The support 12 also comprises a plurality of support fingers 12a arranged in alignment with the barrier fingers 10a and substantially perpendicular thereto. These support fingers 12a are adapted to be displaced along the separation spaces between the barrier fingers 10a when the support 12 is displaced from the discharge zone to the level of said output support 15, and vice versa. Also the pusher 14 comprises a plurality of pusher fingers 14a adapted to pass through the separation spaces between said barrier fingers 10a and through corresponding separation spaces formed between said support fingers 12a when the pusher 14 is displaced from its position retracted to its extended position.

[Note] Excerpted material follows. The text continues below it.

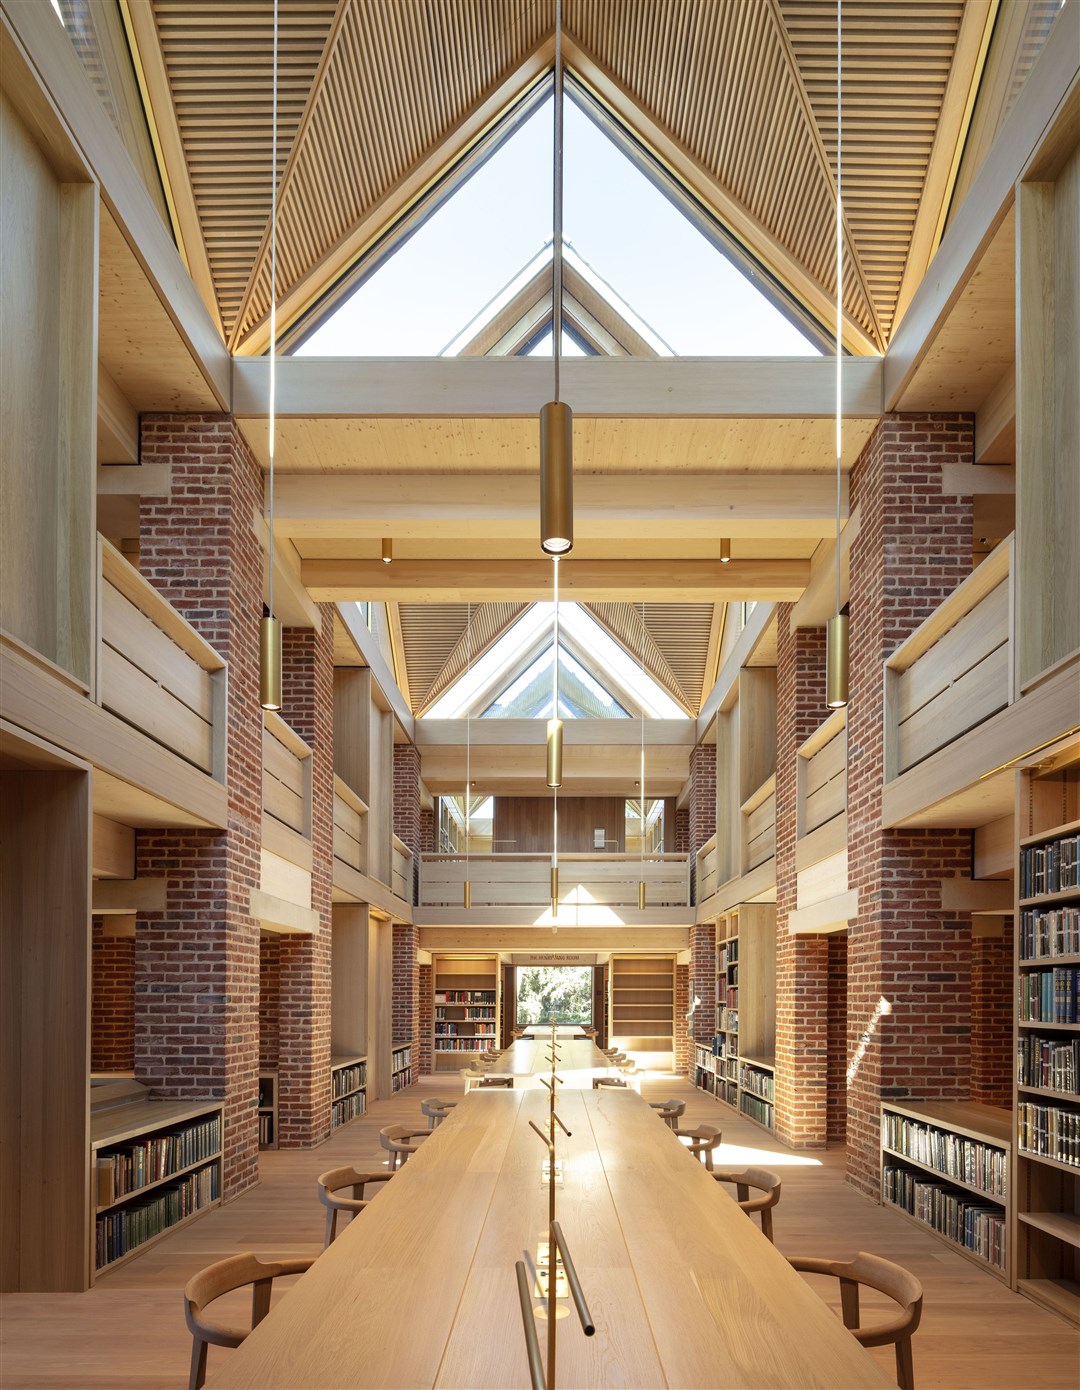 Also nominated is the The New Library, Magdalene College, in Cambridge, designed by Niall McLaughlin Architects (Nick Kane/PA)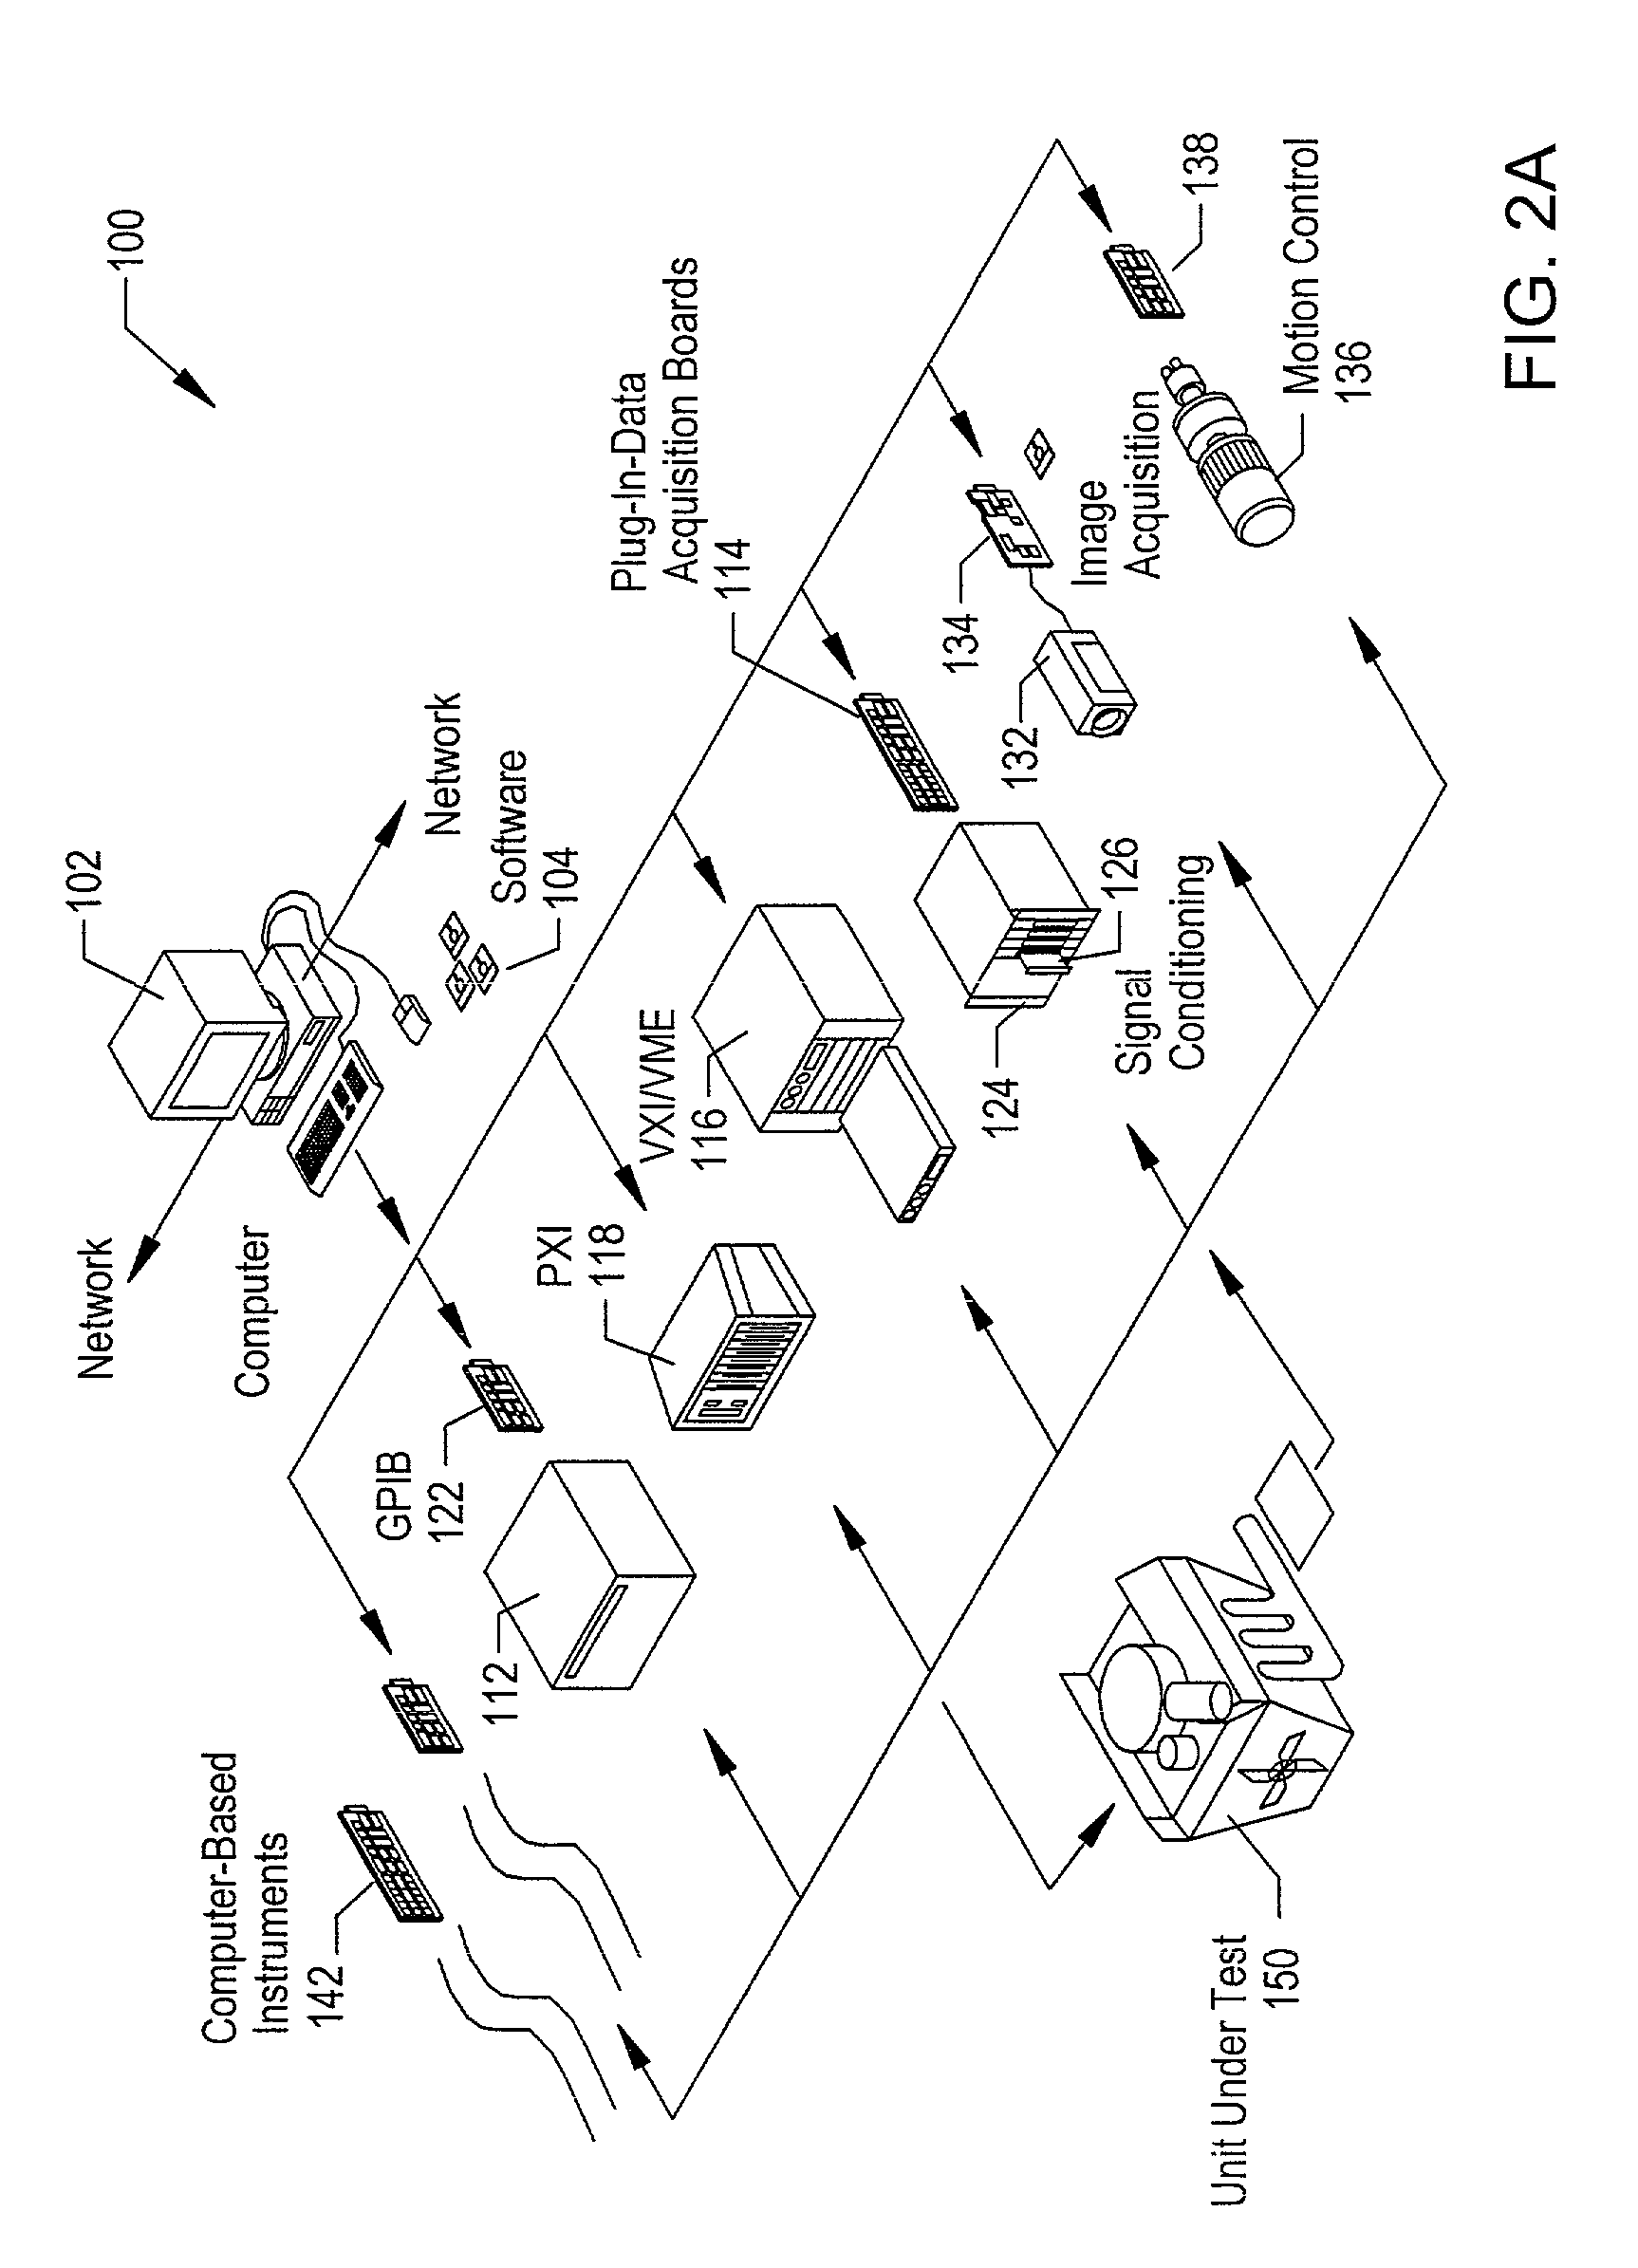 System and method for performing rapid control prototyping using a plurality of graphical programs that share a single graphical user interface

Likewise, retainer 17 is also formed by a plurality of retainer fingers adapted to pass between said pusher fingers 14a when retainer 17 is moved to its extended position.

With this arrangement, the support 12, the separator 13, the pusher 14 and the retainer 17 can carry out their movements without interfering with each other or with the stationary barrier 10. The process for unloading laminar elements from a roller, and forming and transferring piles of such laminar elements according to the present invention is described below with reference to Figs. 6A to 6F. The method comprises firstly unloading the laminar elements L from the roller 11 in a discharge zone by means of a barrier 10 located in the path of said laminar elements L when they are transported by said roller 11. Next, they receive stacked by means of a support 12 the laminar elements L discharged and stopped by said barrier 10 forming a stack in progress L2 (Fig. 6A). When the stack has reached the desired size, move a separator 13 from a retracted position to an extended and separated position of the roller, interposed between adjacent first and second laminar elements L1, L2 (Figs. 6B to 6D), where said first element Laminar L1 completes a finished stack P1 on said support 12 and said second laminar element L2 is momentarily retained by said separator 13 to initiate a new stack in progress P2 while said finished stack P1 is ejected from the support 12. Then, move the support 12 to the level of an output support 15 and pushing the finished battery P1 to transfer it from the support 12 to said output support 15 by means of a pusher 14 adapted to be displaced from a retracted position to an extended position (Fig. 6E). Finally, move the support 12 to the level of the separator 13 and remove the separator 13 to its retracted position (Fig. 6F) to transfer said new battery in progress P2 from the separator 13 to the support 12, thus initiating a new cycle. The method of the invention also includes moving the support

12 by means of supporting drive means 16 away from said discharge zone at a speed in accordance with a growth rate of the stack in progress P2 and, preferably, maintain a predetermined pressure between a last sheet element L of the stack in progress P2 and a cylindrical surface 11a of the roller 11 using said controlled support drive means 16.

In Figs. 2 and 4 means are shown for feeding the laminar elements towards the transfer roller 11. Such means comprise a plurality of tapes 85, with a plurality of perforations that extend over a floor 86 provided with a series of elongated openings 87 on which the tapes move. Said elongated openings communicate with aspiration chambers 88, 89, differentiated so that greater suction can be generated in a first zone (chamber 88) near the zone of formation of the laminar elements, for example by cutting the same, and a lower suction in a second zone (chamber 89) close to the passage zone on the transfer roller 11. The said belts 85 also surround said roller being arranged within said grooves 24, and passing the elements laminar to be retained by the holes 23 of said roller, as explained above. In Fig. 7 a transfer roller 11 is shown in accordance with an exemplary embodiment, which is suitable for handling laminar elements and therefore applicable to the apparatus according to the present invention. Said transfer roller 11 is rotatable and comprises a pair of end pieces 50 (only one of which is shown in Fig. 7), circularly, with a central part in which stub axles 42 are fixed. An outer cylindrical tube 52 defining a cylindrical surface 11a provided with a series of parallel circumferential grooves 24 is mounted on peripheral parts of the final pieces 50. On a lowered surface 36 of said cylindrical surface 11a there are holes 23 arranged in rows substantially parallel to the axis of the roller 11. Said rows are distributed at angular intervals in the cylindrical surface 11a.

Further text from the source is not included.